We find layer- and cell-class specific differences in attentional modulation of mean firing rate, Fano factor, spike-count correlations and spike-spike coherence in area V4 of the macaque. Attention increases firing rates across all cortical layers, but this modulation is highest in the input layer. Broad-spiking units are significantly modulated across all layers; narrow-spiking units are significantly modulated in the input layer. Further, broad-spiking units in the superficial layer show a significant reduction in variability due to attention. Since the superficial layers project to downstream cortical areas, an elevation in firing rate and reduction in spiking variability among these units suggest their functional role in improving the signal quality of encoded signals under attention.

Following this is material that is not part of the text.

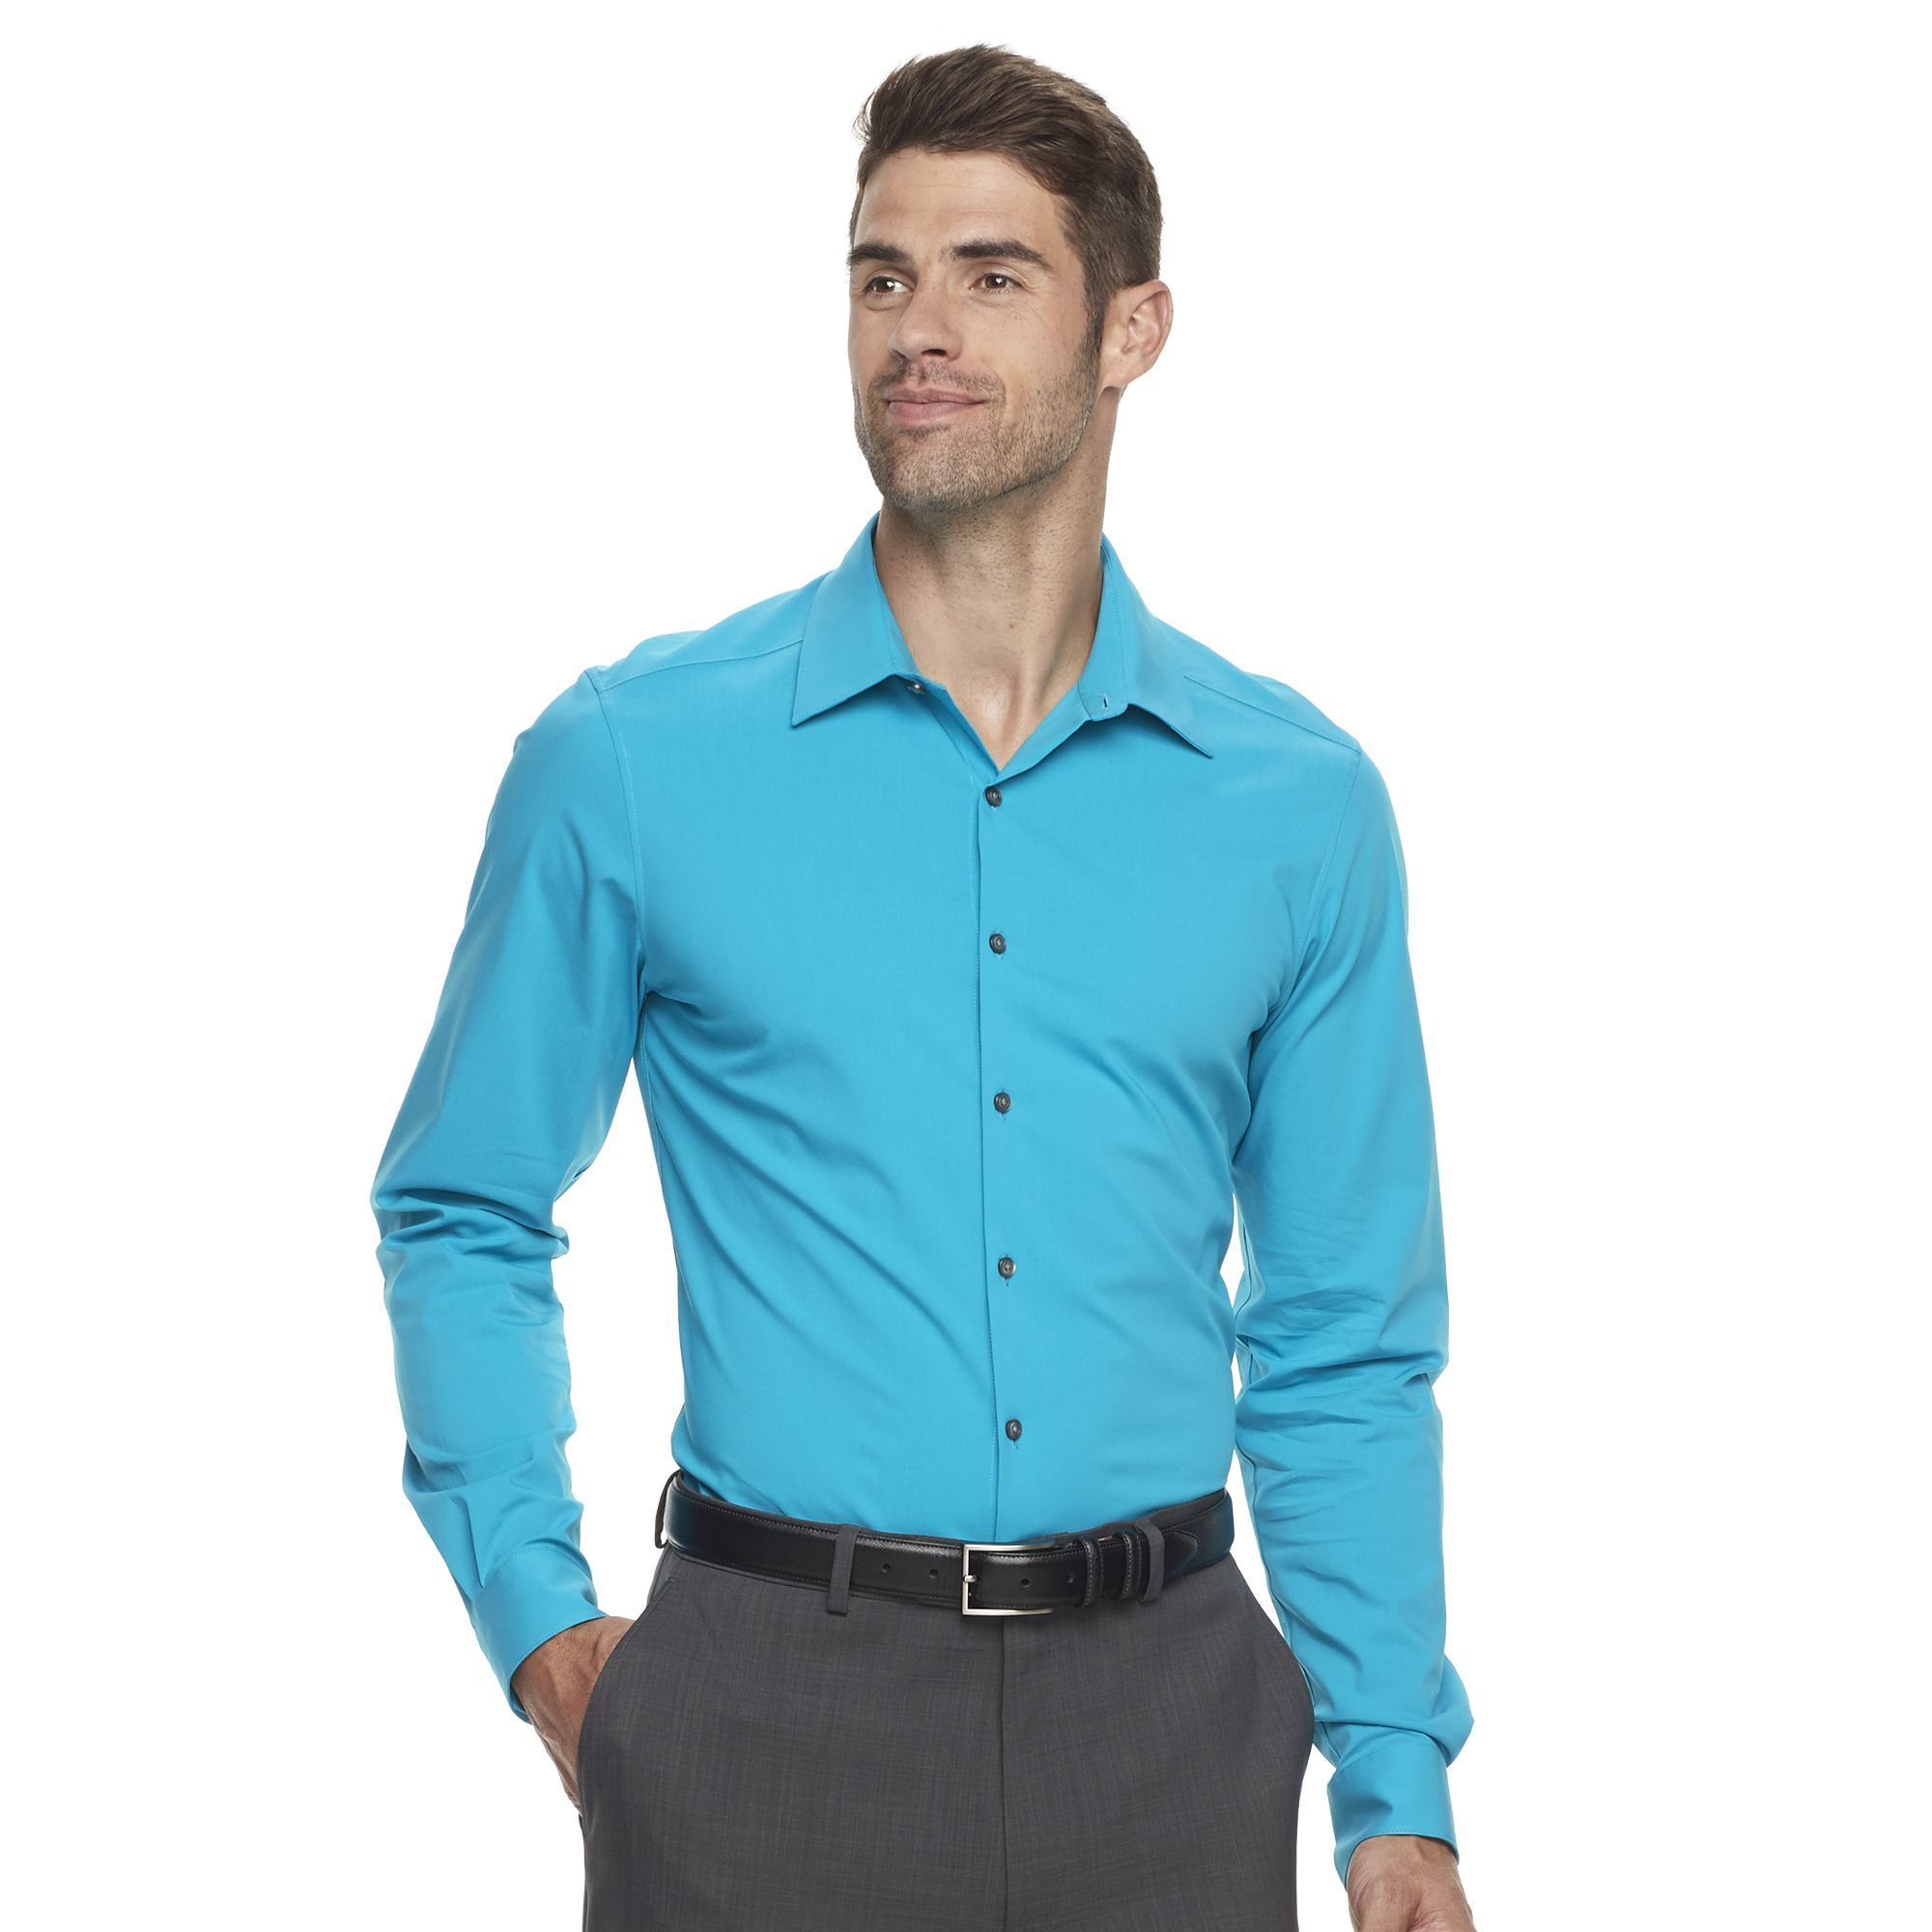 Men's Van Heusen Flex 3 Slim Fit 4-Way Stretch Dress Shirt, Size ...

It is important to note that the method we have used to distinguish putative excitatory and inhibitory neurons (based on spike-waveform duration), does not unambiguously distinguish interneurons from pyramidal neurons. Although a majority of pyramidal cells do have broad action potential widths (McCormick et al., 1985; Nowak et al., 2003; Povysheva et al., 2006), there is evidence that pyramidal tract neurons in the motor cortex can fire “thin” spikes (Vigneswaran et al., 2011). Similarly, although parvalbumin positive interneurons with the morphology of basket cells and chandelier cells, which make up 75% of interneurons in the primate, have narrow action-potentials, the remaining 25% of interneurons have broad action potentials (Cauli et al., 1997; Connors and Gutnick, 1990; Kawaguchi, 1995; Kawaguchi and Kubota, 1997).

Consistent with earlier studies, we find that correlated variability among neurons in area V4 is weaker than in the primary visual cortex (Smith and Sommer, 2013), and that the presence of a stimulus reduces spike count correlations (Fig 7A–B) (Kohn and Smith, 2005). However, one of the surprising results of our study is the inverted-“U” laminar profile of spike-count correlations in V4, which is in contrast with the “U” shaped profile in V1 (Hansen et al., 2012; Smith et al., 2013). This suggests that there might not be a canonical laminar organization of correlated variability in the sensory neocortex. The higher levels of correlated activity in the input layer could be attributed to two factors. Part of the correlated activity could be inherited as common inputs from the supra-granular layers of V1. Neurons in the supra-granular layers of V1 have the highest levels of correlated variability (Hansen et al., 2012; Smith et al., 2013) and these layers include neurons that project to the parafoveal regions of V4 (Ungerleider et al., 2008) from which our data was collected. This higher level of correlated activity could also reflect the dynamics of a strongly coupled local E-I network in the input layer, as suggested by our data (Fig S4) and explored in our model (Fig 8 and Fig S7). Our model suggests a possible active mechanism for reducing these spike-count correlations in the superficial and deep layers by weakly coupled local E-I networks in these layers. According to this model, correlated variability results from local patterns of cortical circuit connectivity. In contrast to earlier work demonstrating extremely low correlations in recurrent network models where pre-synaptic activity is instantaneously integrated (Renart et al., 2010), our conductance-based model exhibits correlations that are consistent with our data.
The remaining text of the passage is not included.